As generative AI rapidly automates once time-intensive planning and product-definition work, professionals who shape digital services are being urged to double down on what machines still struggle to replicate: 'Human Touch'—the emotional, cultural, and contextual insight that turns a functional product into something people actually choose.
Speaking Tuesday ET at 'Metacon 2026', a major South Korean AI conference hosted by TV Chosun and co-organized by TokenPost, Lee Il-gu—better known in the industry as MacB—COO of MacB Planning, argued that the competitive edge for planners in the AI era will not come from producing more documents faster, but from designing experiences that move users. His session was titled 'From AI FOMO to Human Touch: Redefining Planning in the Age of AI'.
MacB framed the current moment as one of accelerating anxiety inside IT and product teams, driven by what he called 'AI FOMO' (Fear of Missing Out). In communities he operates for practitioners, he said discussion topics have shifted decisively toward AI: real-world use cases that improve output, head-to-head comparisons of tools, how AI could reshape careers, and how organizations should approach adoption strategies.
He cited survey findings showing the scale of the pressure. According to the data he referenced, 76% of respondents said they feel compelled to learn new AI tools, while 70% worry AI could reduce hiring. Roughly half said they have personally experienced 'AI FOMO', reflecting a broader concern that failing to integrate AI into workflows could mean falling behind.
That anxiety, MacB added, is already translating into action. Participants joining AI-focused planning study groups frequently cite fears of being “淘汰” by the market if they cannot apply AI in their day-to-day work, and a desire to move beyond fragmented experimentation toward practical, end-to-end implementation inside real projects.
At the core of his argument was a reassessment of what planning work actually is. Historically, he said, planning involved rigorous requirements analysis—defining what to build and why—often demanding substantial time and manpower. The process was complex enough that public-sector standards were created to guide requirements analysis. Now, with a single prompt, AI systems can generate in minutes what previously took teams days or weeks: requirements summaries, feature definitions, information architecture, menu structures, and even wireframes.
That productivity leap, MacB said, makes it impossible to compare “before and after” in a linear way—and forces the industry to redraw boundaries around the planner’s role. In his view, planning is shifting from producing artifacts to designing the 'inputs' that help AI derive the best direction ('WHY') and methodology ('HOW').
As AI increasingly handles drafting and documentation, MacB argued, human planners should concentrate on crafting the 'WOW point'—the emotional hook and contextual clarity that converts a casual explorer into a committed user. In a crowded digital marketplace, he said, success depends on making users feel: “This service is exactly what I need,” and that is difficult to achieve through optimization alone.
He also emphasized that the nature of 'Human Touch' will vary by industry and job function, but for planners it ultimately converges on one question: how to design a service that generates revenue and sustains engagement. Where planners once focused on what to build and how to build it, AI can now perform much of that work at scale. The planner’s value, he suggested, increasingly lies in how a service wins—through narrative, trust, empathy, and cultural fit.
Despite the growing fear that AI could replace planners entirely, MacB pushed back on the idea that planning will disappear. Claims that “planning is dead,” he noted, have surfaced repeatedly over decades. When UX design emerged, planning did not vanish; it fragmented and specialized. The AI era, he argued, will likely drive a similar evolution rather than elimination.

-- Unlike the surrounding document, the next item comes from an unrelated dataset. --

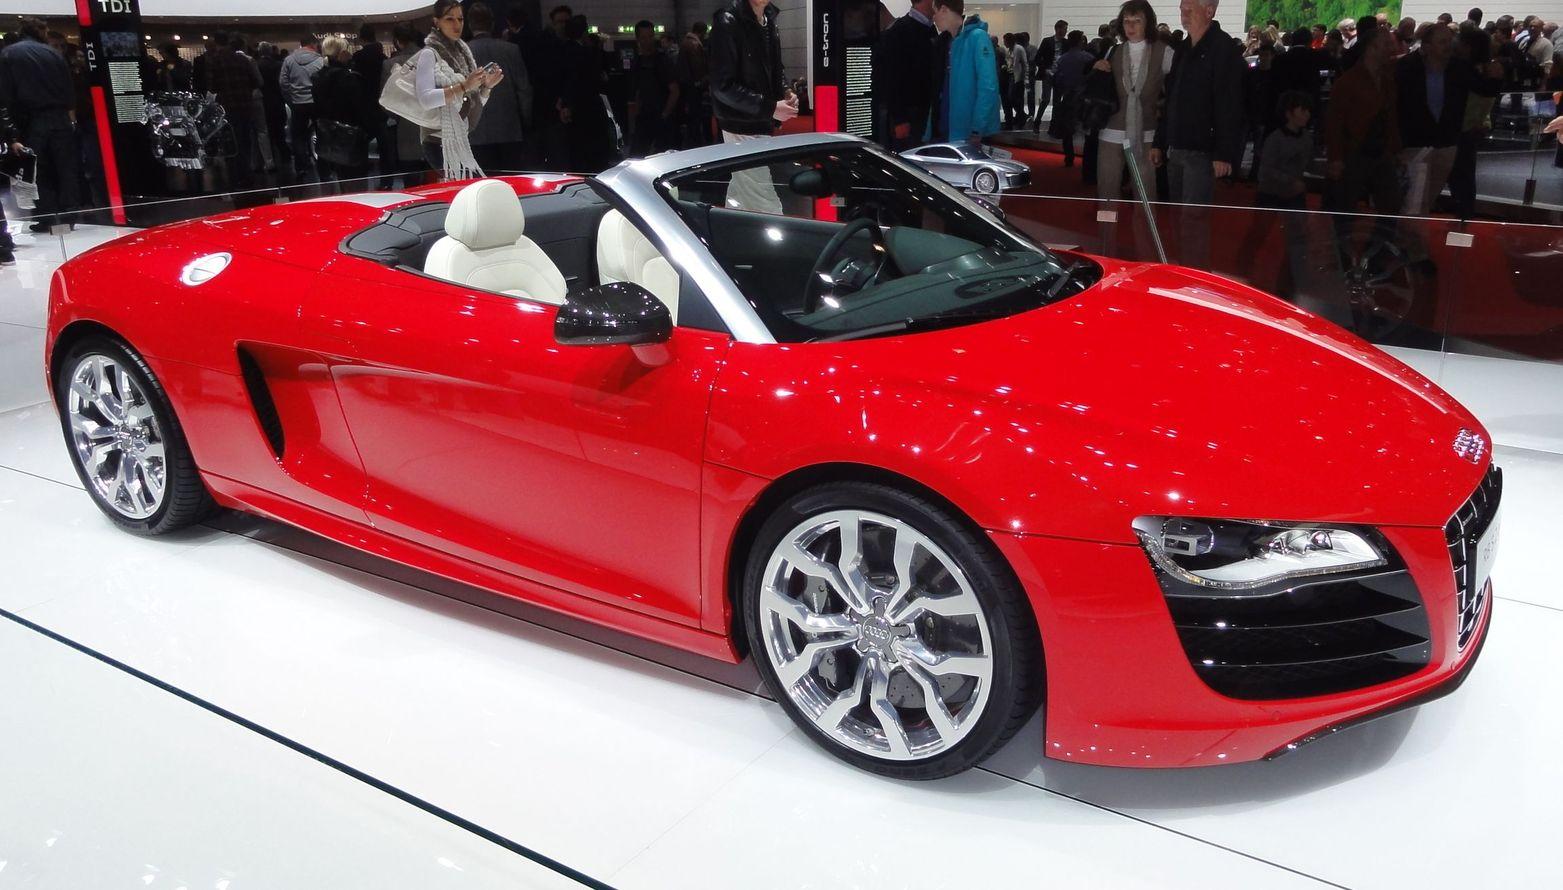 Autoalmanach les marques audi germany site officiel for Salon automobile allemagne
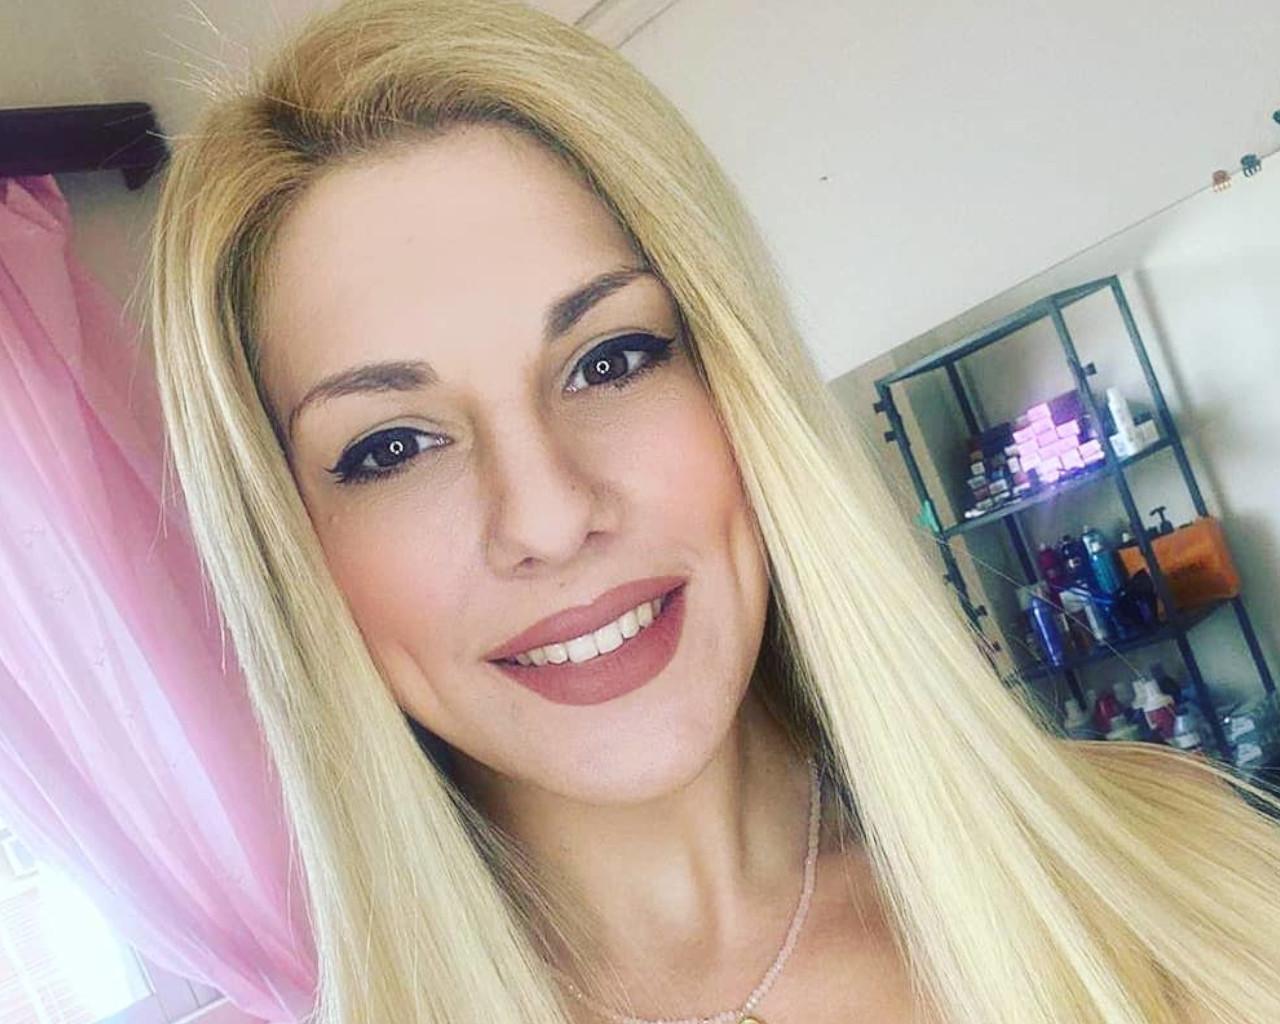 λένια πολυχρονοπούλου,λένια πολυχρονοπούλου,λενια πολυχρονοπούλου instagram,έλενα πολυχρονοπουλου σχεση,lenia polychronopoulou instagram

His closing message was less about resisting AI and more about reframing professional survival. Rather than becoming trapped in anxiety about AI overuse, he urged planners to re-architect their roles, focus on understanding people, and execute small, consistent changes that compound over time. “The more those changes are repeated,” he said, “the higher the probability of survival becomes.”
'Metacon 2026' ran from July 3 to 4 ET at Seoul’s COEX Grand Ballroom under the theme 'AI Makers Rise', spotlighting strategies and real-world case studies on how companies and individuals can turn AI adoption into measurable outcomes—and how AI is reshaping industries and day-to-day work.